C. Registered and Used in Bad Faith
Complainant contends that Respondent’s attempt to profit from its registration and use of the disputed domain name is evidence of Respondent’s bad faith registration and use. Previous panels have determined that a respondent’s competing use is evidence of bad faith registration and use because the respondent is attempting to commercially benefit from the likelihood that Internet users become confused as to Complainant’s affiliation with the disputed domain name. See Scholastic Inc. v. Applied Software Solutions, Inc., , WIPO Case No.

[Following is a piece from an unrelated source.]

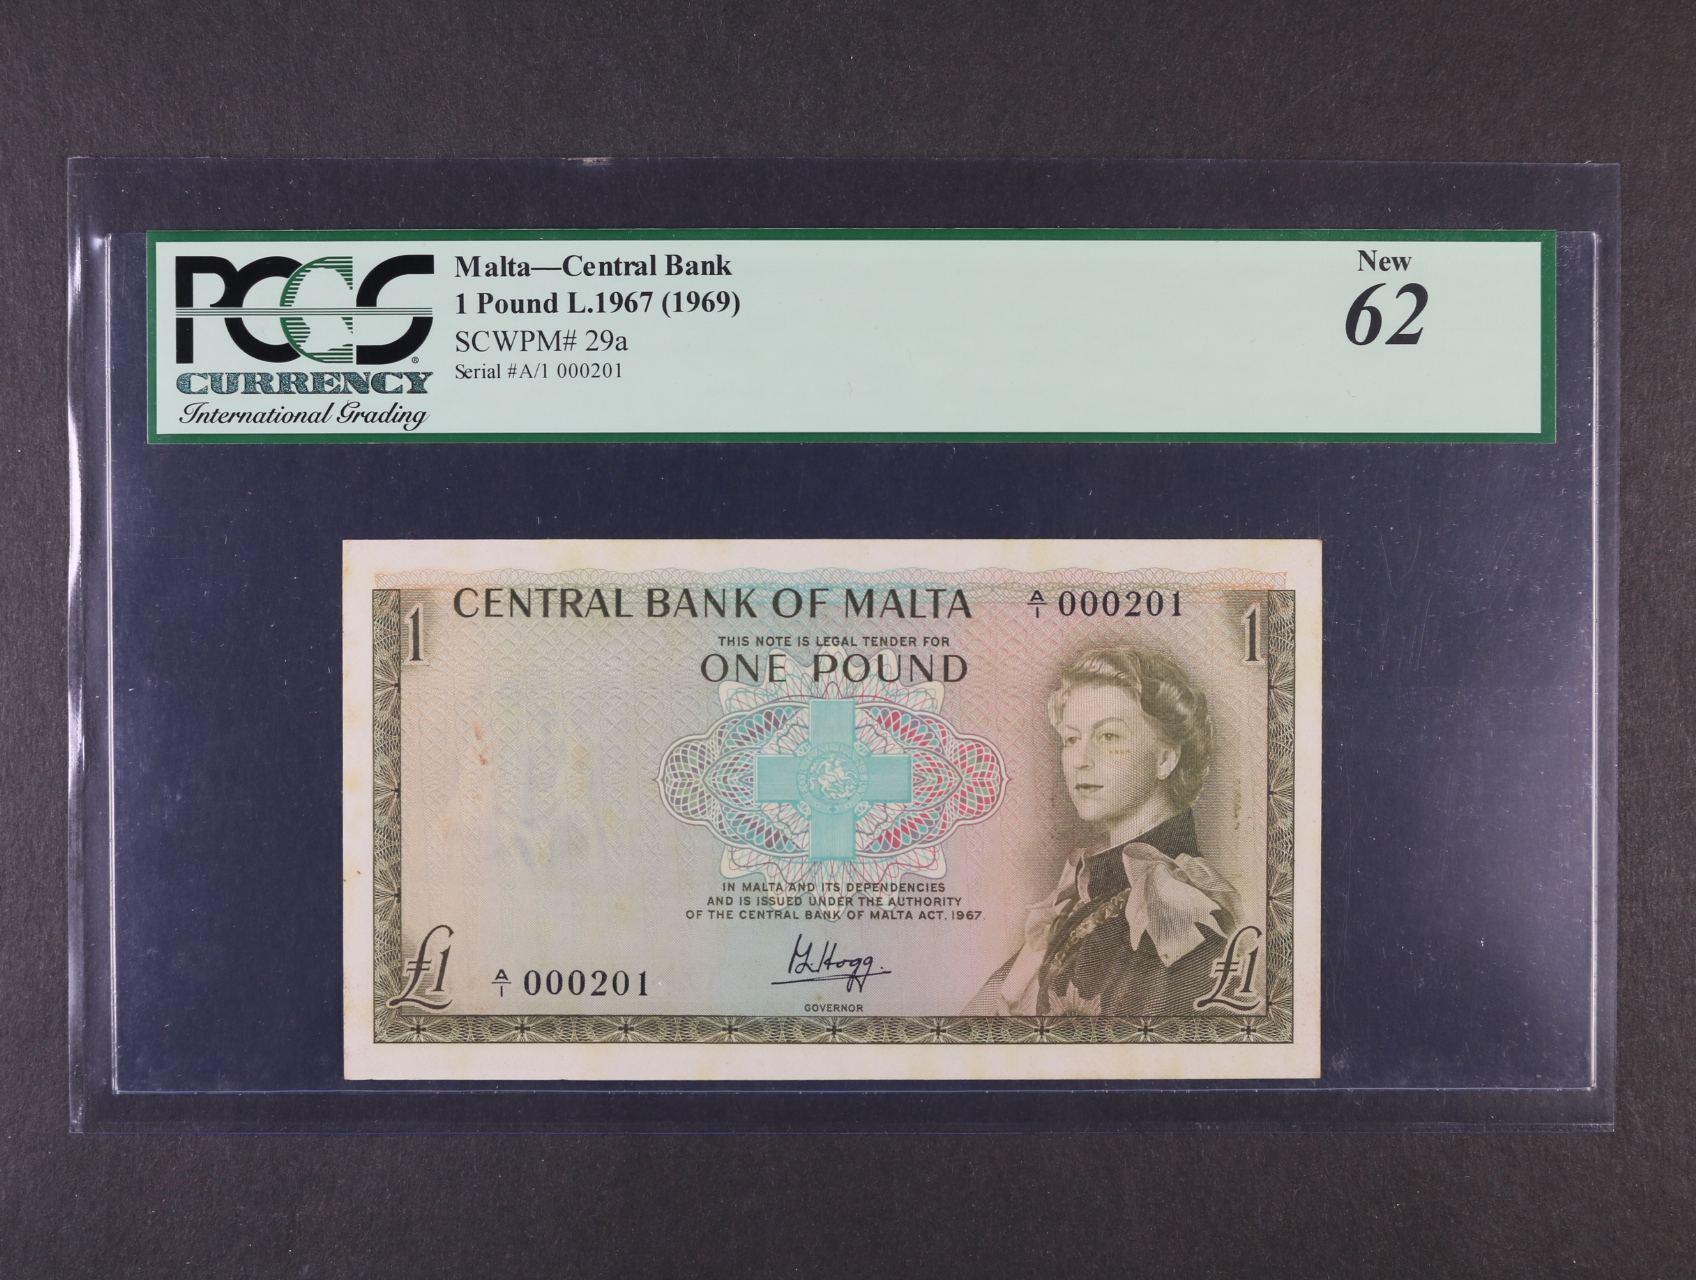 1 Pound 1967 (1969) série A/1 000201, Pi. 29a, PCGS 62

D2000-1629 (finding bad faith under Policy, paragraph 4(b)(iv) because the respondent initially used the disputed domain name to sell educational services that targeted the complainant’s market); see also Luck’s Music Library v. Stellar Artist Mgmt., NAF Claim No 95650 (finding that the respondent engaged in bad faith use and registration by using domain names that were identical or confusingly similar to the complainant’s mark to redirect users to a website that offered services similar to those offered by the complainant).
The Panel is of the view that Respondent registered the disputed domain name for purposes of commercially benefiting from the goodwill associated with Complainant’s mark. The Panel finds that the <genericxenical.biz> domain name is creating a likelihood of confusion as to the source and affiliation of Complainant to the disputed domain name and corresponding website, which illustrates the Respondent’s bad faith registration and use of the domain name under Policy, paragraph 4(b)(iv). See Drs. Foster & Smith, Inc. v. Lalli, NAF Claim No 95284 (finding bad faith where the respondent directed Internet users seeking the complainant’s site to its own website for commercial gain); see also Computerized Sec. Sys., Inc. v. Hu, NAF Claim No 157321 (finding that the respondent’s use of the <saflock.com> domain name to offer goods competing with the complainant’s illustrates the respondent’s bad faith registration and use of the domain name, evidence of bad faith registration and use pursuant to Policy, paragraph 4(b)(iv)). Since the Panel determines that Respondent is attempting to commercially gain by creating confusion as to Complainant’s affiliation with the domain name, the Panel holds that Respondent has registered and is using the disputed domain name in bad faith under Policy, paragraph 4(b)(iv).
The Complainant also contends that Respondent could not have registered and used the disputed domain name without actual or constructive knowledge of Complainant and its rights in the XENICAL mark. While constructive notice has not generally been held to suffice for a finding of bad faith registration and use, the Panel nonetheless finds that Respondent registered and is using the disputed domain name in bad faith under Policy, paragraph 4(a)(iii) for the additional reason that Respondent is found to have had actual notice of Complainant’s trademark rights. See Custom Modular Direct LLC v. Custom Modular Homes Inc., NAF Claim No. 1140580 (“There is no place for constructive notice under the Policy.”); see also Yahoo! Inc. v. Butler, NAF Claim No. 744444 (finding bad faith where the respondent was “well-aware” of the complainant’s YAHOO! mark at the time of registration).
For the foregoing reasons, in accordance with paragraphs 4(i) of the Policy and 15 of the Rules, the Panel orders that the disputed domain name <genericxenical.biz> be transferred to the Complainant.